YOUR OBJECTIVE: Your answer should be only the lines below from the one with "The 29th International" to the one with "AMT Dial Spindle", repeated exactly, ends included.

PROVIDED RECORDS:
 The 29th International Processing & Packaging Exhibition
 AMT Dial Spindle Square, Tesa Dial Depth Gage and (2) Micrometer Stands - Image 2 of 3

==

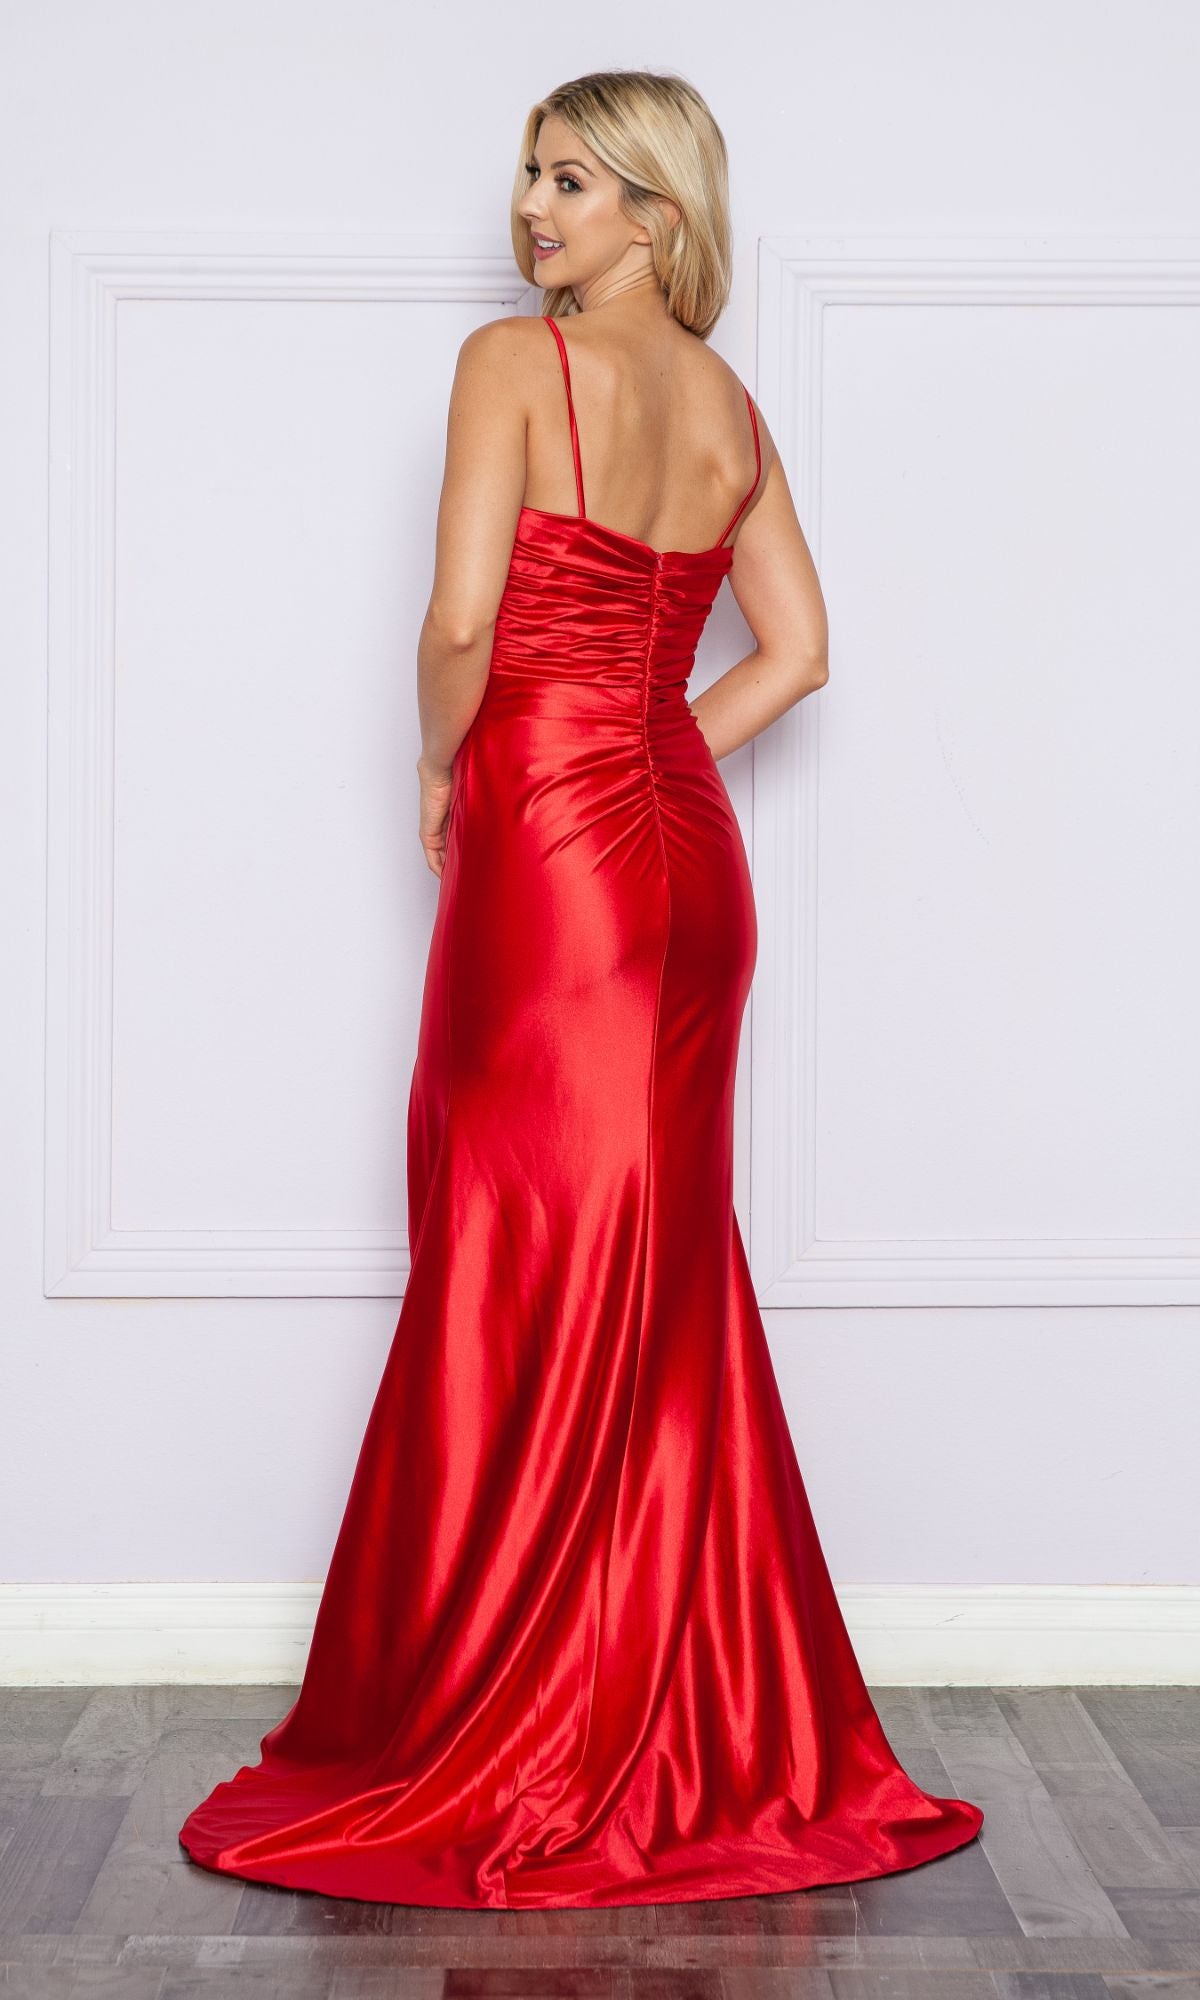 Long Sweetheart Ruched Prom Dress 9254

EXERCISE ANSWER:
 The 29th International Processing & Packaging Exhibition
 AMT Dial Spindle Square, Tesa Dial Depth Gage and (2) Micrometer Stands - Image 2 of 3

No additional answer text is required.